* _What to do_:
An exact restatement of the data is required, with the images omitted.
[Information shown Boundary: Start]
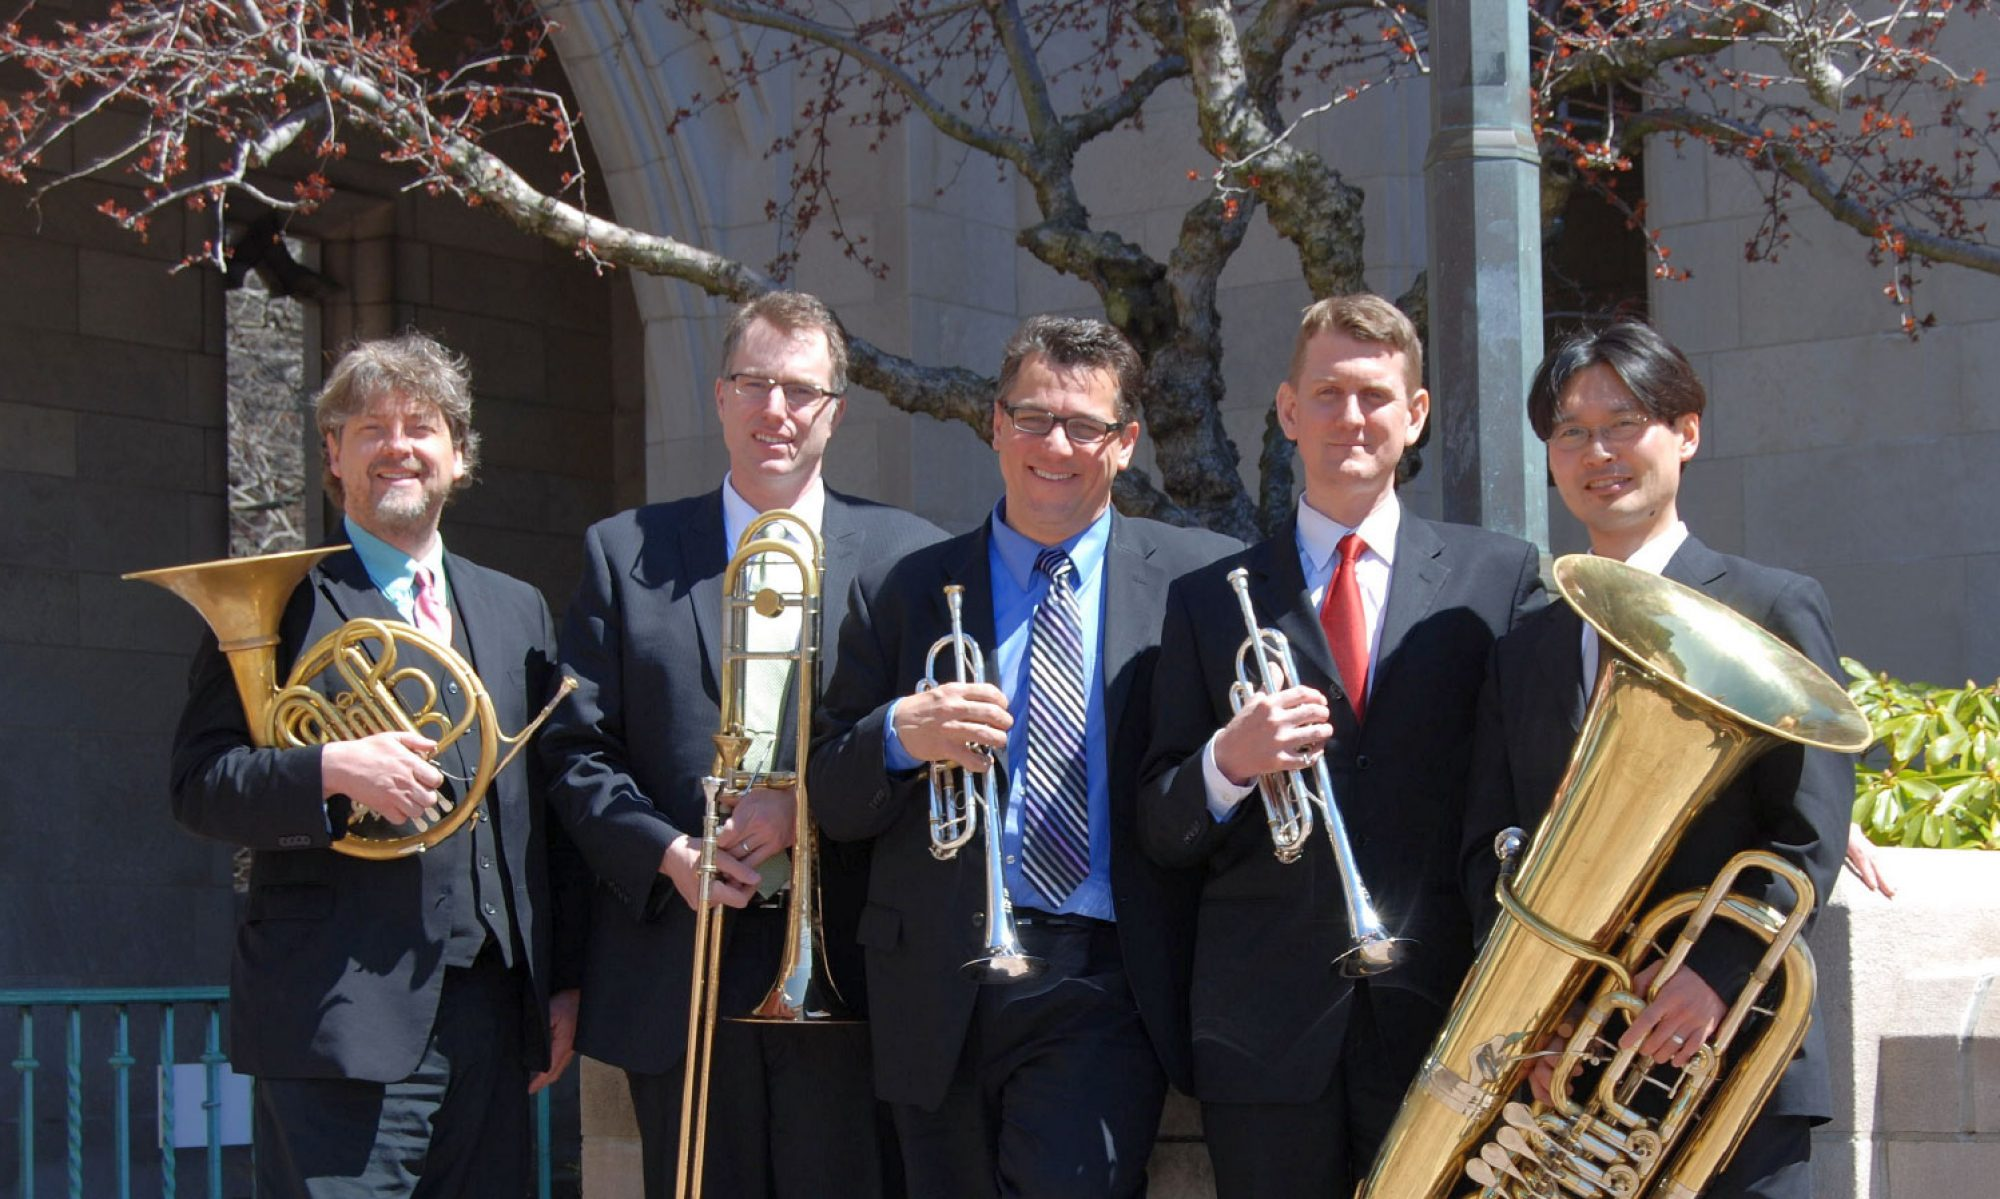 Majestic Brass Quintet
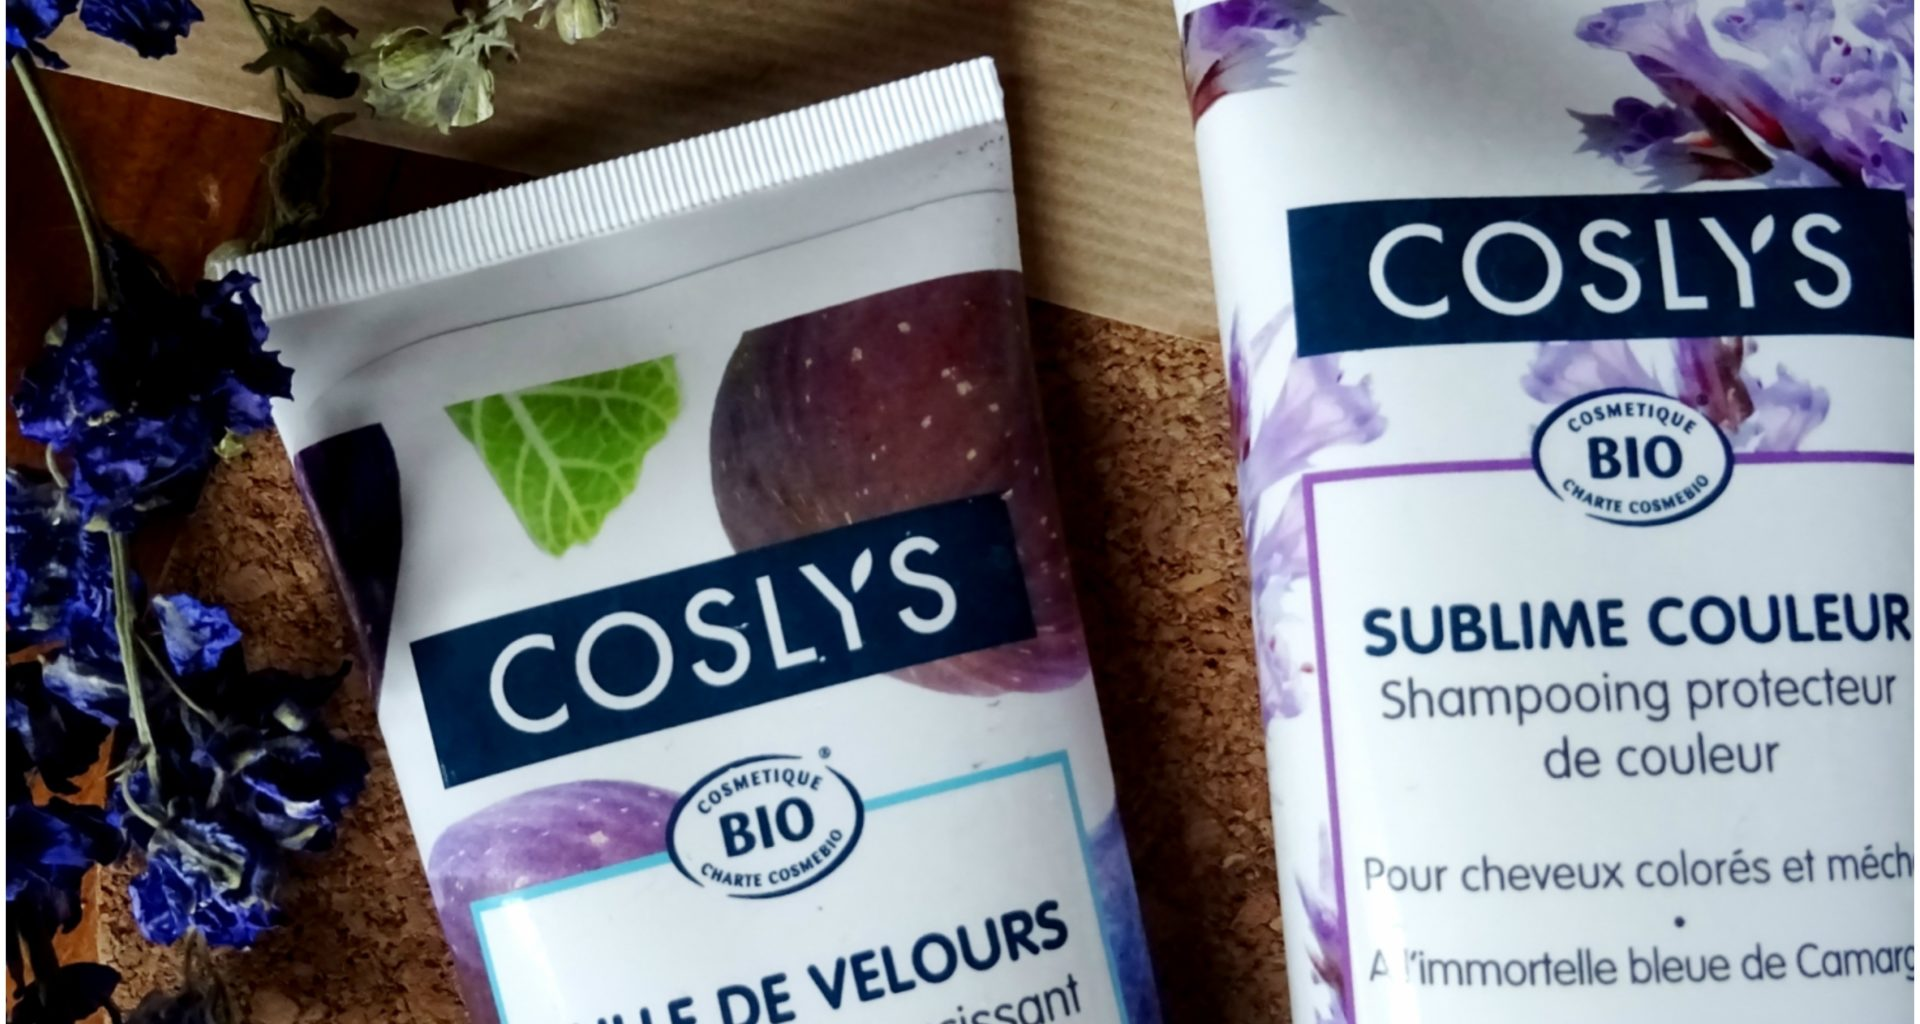 coslys-bio-vegan-shampoing-gel-douche
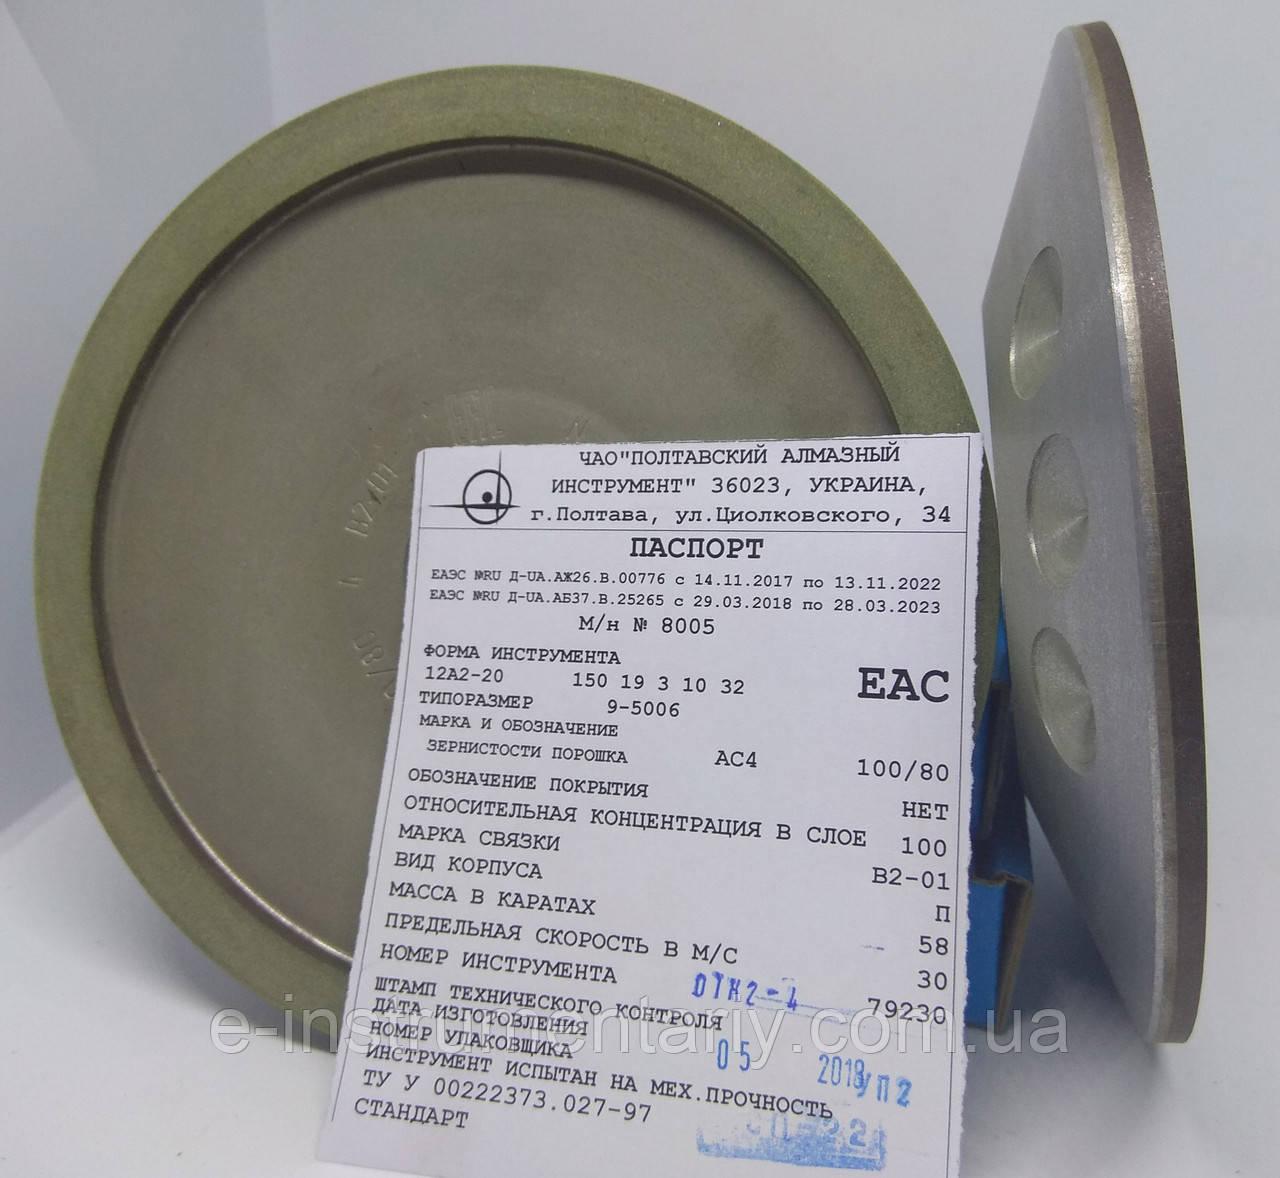 Круг алмазный Тарелка(12А2-20) 150х10х3х19х32 100% АС4 Связка В2-01
[Information shown Boundary: End]
* _Result for this task_:
 Majestic Brass Quintet
 coslys-bio-vegan-shampoing-gel-douche
 Круг алмазный Тарелка(12А2-20) 150х10х3х19х32 100% АС4 Связка В2-01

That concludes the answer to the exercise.